I am talking about mangoes so fresh the juice runs down your forearms to your elbows and everything is sticky.
Afternoon rainstorms, clear water, warm weather, are a few of my favorite things about summer in beautiful Southwest Florida. But at the top of the list is Mangoes. Yes Mangoes! Who remembers there first mango? Was it on a trip to Hawaii, Jamaica, spring break in Mexico, your aunt Lucille’s house in Florida? Nothing says summer more than a ripe mango. With summer in full swing let’s learn a little about the favorite fruit of many worldwide
We have the Portuguese sailors to thank for bringing the mango to this part of the world. To be more precise they brought it to Brazil in the 1600s but that was a good start to is journey to Florida. Next on its journey the mango made it to Barbados then by 1782 the Mango arrived in Jamaica. Fifty-one years later the first mango was introduced to Florida along the Southwestern coast on Cape Sable, a wild place then and still wild today. (Cape Sable is 99 miles south of the Sanibel Lighthouse by water and is in the Everglades National Park) Dr. Henry Perrine planted the first Mangoes on Cape Sable. According to the accounts after he passed away the beautiful fruit was not kept up and perished. By the late 1800s a grafted Mango was brought to Florida by Dr. David Fairchild and was the beginning of many different mango species and commercial mangoes that are produced all over the tropical world.

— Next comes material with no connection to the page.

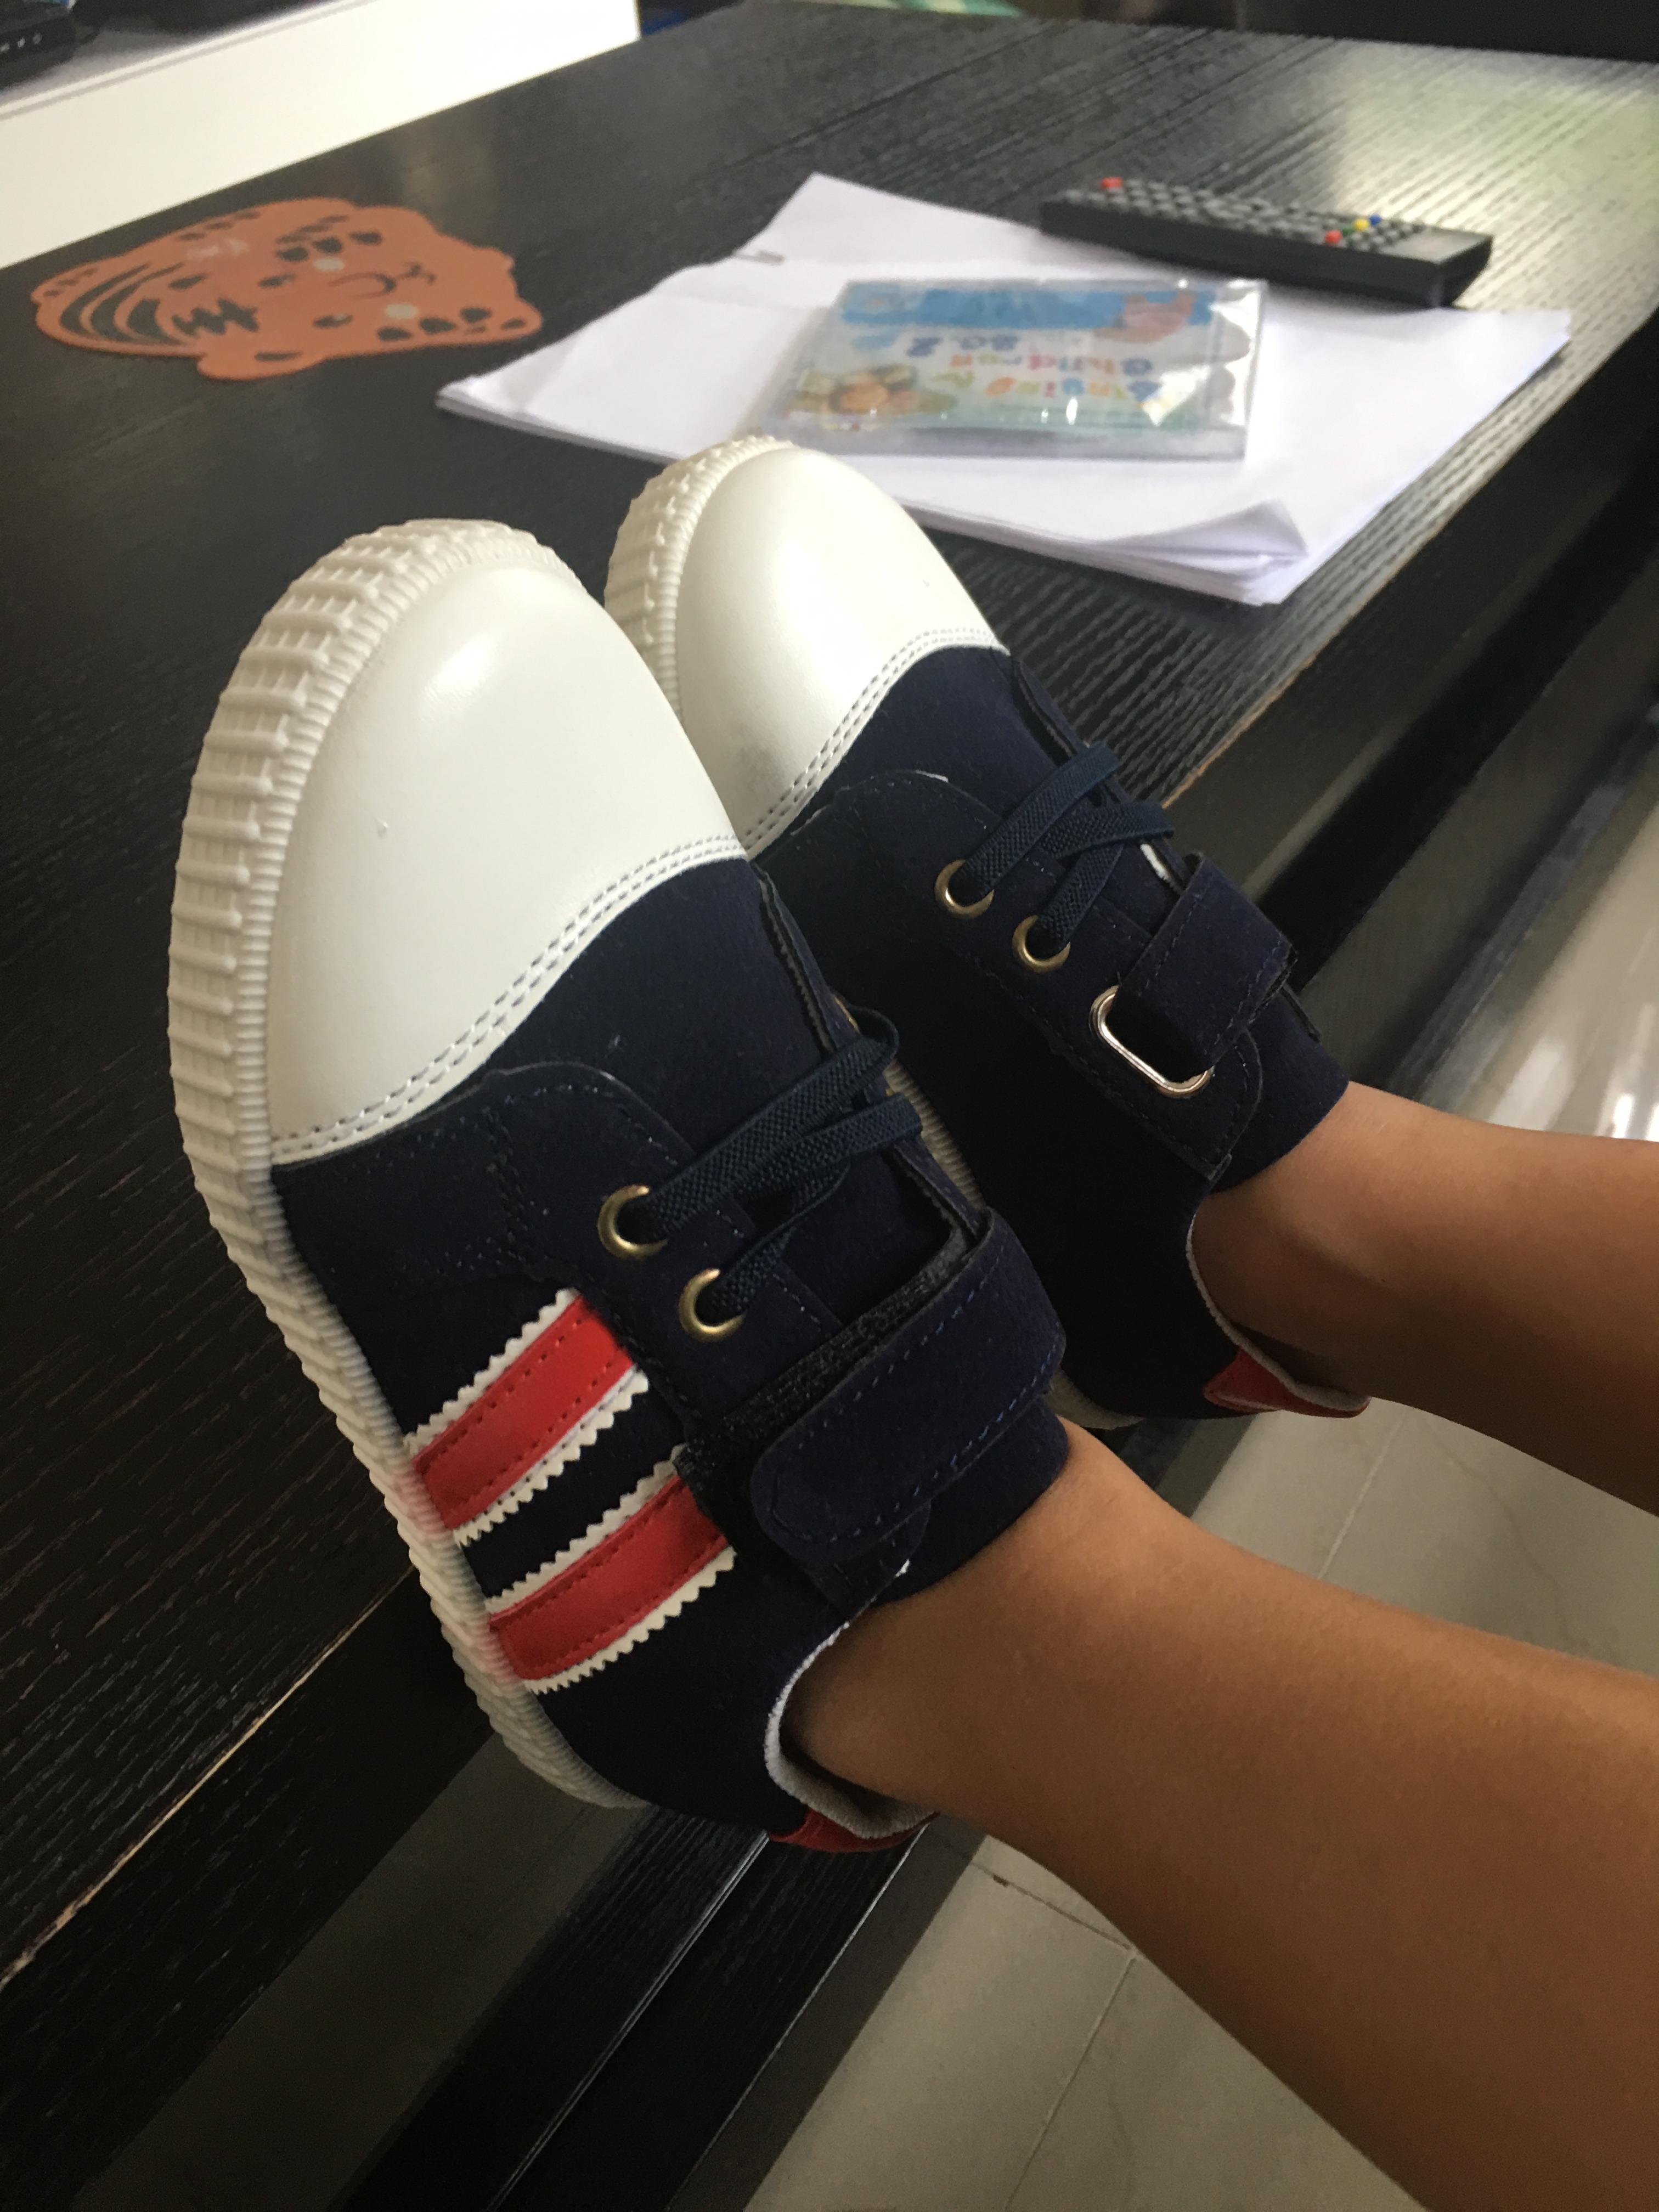 **รองเท้าสีน้ำเข้มลายตัดแดง | ยีนต์เข้ม | Size=27-30 (4pair/pack) ราคาเฉลี่ย 180 บาทต่อคู่

Worldwide there are over 600 different kinds of mangoes. Locally here in Southwest Florida you can find at least 100 varieties on Pine Island.
Pine island has been growing varieties of Mangoes for over a hundred years. The mango varieties have different names and each mango has a story to tell. These are some of my favorites, Angie, Edwards, Alphonso, Kent, Haydon and Glenn.
I recommend traveling over to Pine island as soon as you finish reading this article. Your taste buds will thank you. Many of the growers of these tantalizing fruits are on the north end of Pine island, as you travel north on the island you will encounter fruit stands and handwritten signs that say Mangoes. If you are feeling a little more adventurous you can travel the side roads on the island and find people selling mangoes in there front yard, a lot of times you will see an honor box to leave money in to pay for your mangoes.
It is well worth the ride over to Pine island to relish what people have been enjoying, hoarding, protecting, growing, and fascinated with for over a hundred years. So, enjoy your fruit quest and don’t forget to bring plenty of towels to clean your elbows and remember its never to late to thank a Portuguese sailor.